Christopher Dorner may be dead, but even from the cold grave he’s still causing trouble. Recall that when the former Los Angeles Police Department officer was still on the loose (discussed here), a consortium of donors offered a $1.3 million reward for information leading to his “arrest and conviction” for the crimes he had committed, which at that point included three murders and two attempted murders. Dorner went on to commit a fourth murder in the course of the final gun battle that saw him surrounded in a mountain cabin near Los Angeles, and when San Bernardino County sheriff’s deputies deployed tear gas into the cabin, resulting in a fire, he took his own life rather than surrender.
Three people are making arguably legitimate claims on the reward: the couple Dorner briefly held captive in the Big Bear condo where he had been hiding, and the man Dorner carjacked shortly before the final shootout.
But not so fast, now say some of the reward donors. Yes, Dorner was found, and the very real threat he presented was rendered null, but in a strictly legal sense he was never arrested, much less convicted, of the crimes that inspired them to pledge their share of the reward. And it is in this strictly legal spirit that these donors are slamming shut their checkbooks. Hey, they seem to be saying, the guy’s dead and gone anyway, why should we go into our pockets now?
Writing in support of those who say the reward should not be paid at all are the editors of the Long Beach Press Telegram, who in an April 2 editorial wrote that the three claimants did not “go above and beyond to lead police to a dangerous suspect,” but rather did only “what anyone would have after being victimized: call the police to report a crime.”
All of which is true, of course, but it is nonetheless the case that these people provided the information that led to, if not the arrest and conviction of Christopher Dorner, the cessation of his campaign against Southern California police officers and the calming of nerves throughout the region. Certainly anyone who had been held captive or had his car stolen at gunpoint would report it to the police, but these were the people who were so treated by the man with the price on his head. Should that price now be discounted because Dorner chose to commit suicide rather than surrender?
And while I’m not suggesting a police officer should be entitled to a reward for doing his job, what about a police officer’s family member? Recall that one of Dorner’s first two murder victims was the daughter of a retired police captain who was among those Dorner named as targets, and that in his Facebook manifesto he threatened other LAPD officers and their families. If Dorner had gone after another cop’s daughter, would she have been eligible for the reward if she managed to shoot and kill him first?
Why do authorities offer rewards? In most cases in which a reward is posted, the identity of a wanted suspect is unknown to the police but not to others, and the reward is intended an inducement to the suspect’s associates to put aside whatever loyalty to him they might have and turn him in. But in the Dorner case, everyone knew the person the police were looking for, and investigation into his family and friends had been fruitless in finding him. It was hoped that a substantial reward would sharpen the eyes of people across Southern California, any one of whom might stumble across his path. That those who did were so unfortunate as to also be victimized by him does not diminish the fact that it was their information that led sheriff’s deputies to him.

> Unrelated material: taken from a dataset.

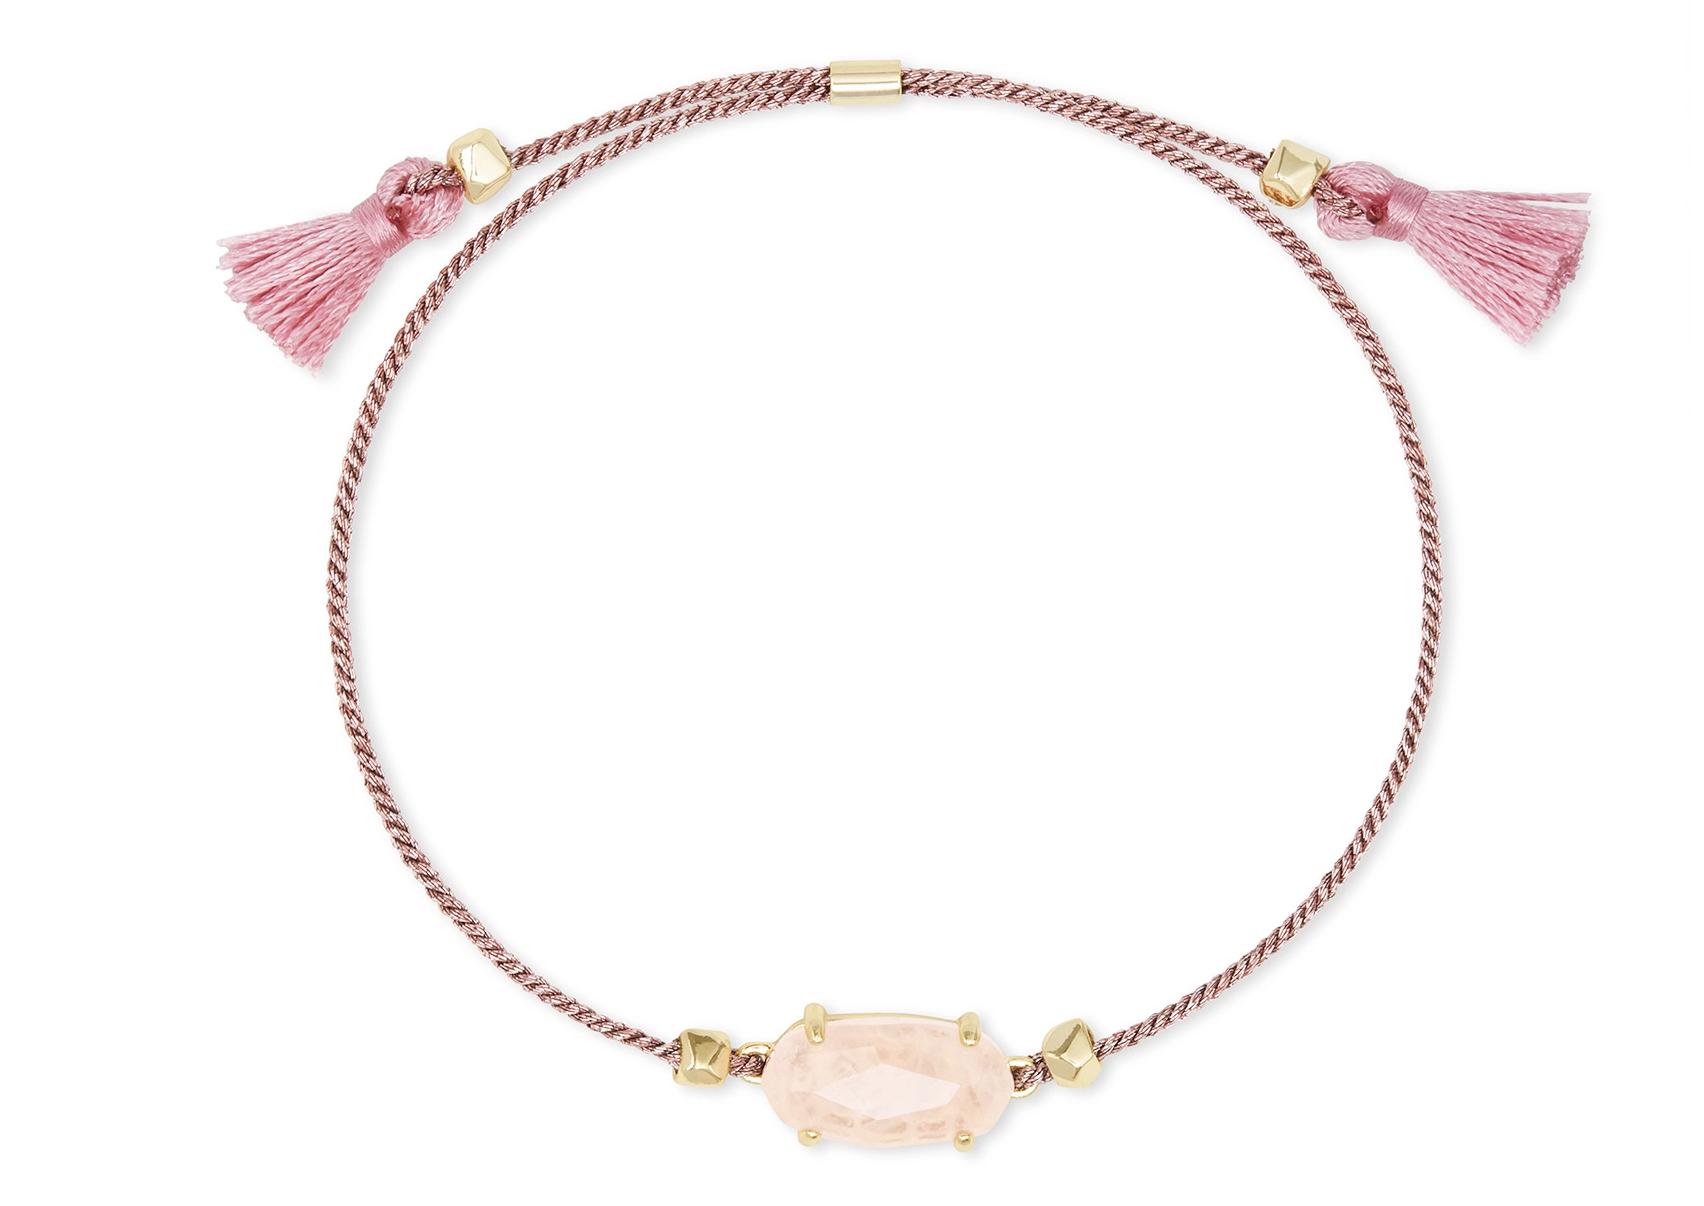 kendra scott charity bracelet, giving tuesday gift

And to now argue that because Dorner was not arrested and convicted, as the legalistic terms of the reward required, opens an even more troubling avenue of discussion, one that was addressed in a March 31 editorial in the Los Angeles Times. Writing to urge that the reward be paid, the editors concluded their piece with this chilling thought experiment. “Finally,” they wrote, “there is this dystopian alternative to consider: If public agencies offer rewards for arrest or conviction and then withhold them in cases in which a suspect dies, they have, in effect, created a financial incentive for police to kill suspects rather than arrest them. That’s a troubling bit of motivation.”
Troubling indeed, and just the sort of thing that would make for front-page, above-the-fold coverage in the Times should such a scenario or anything close to it ever unfold. There has been no shortage of conspiracy-mongering in the Dorner case, but how much worse would it be if it had been the LAPD that cornered him rather than the San Bernardino County Sheriff’s Department?
And what if someone with a reward on his head is killed by someone other than the police? Suppose Christopher Dorner’s whereabouts had been reported to the police by some acquaintance motivated by the reward. But suppose also that Dorner had learned of it before the police could get to him, then sought retribution against the informant for the perceived betrayal. If the informant lawfully defended himself by means of deadly force, would he be any less deserving of the reward, or should such an informant be forced to weigh the potential financial cost against the risk to life and limb?
So as to bring some objectivity into the process of parceling out the reward, a panel of three retired judges will determine which, if any, of the claimants will be paid from whatever remains of it, an amount that currently stands at $1 million. All things considered, that strikes me as a bargain. Let’s give the people their money and be done with it.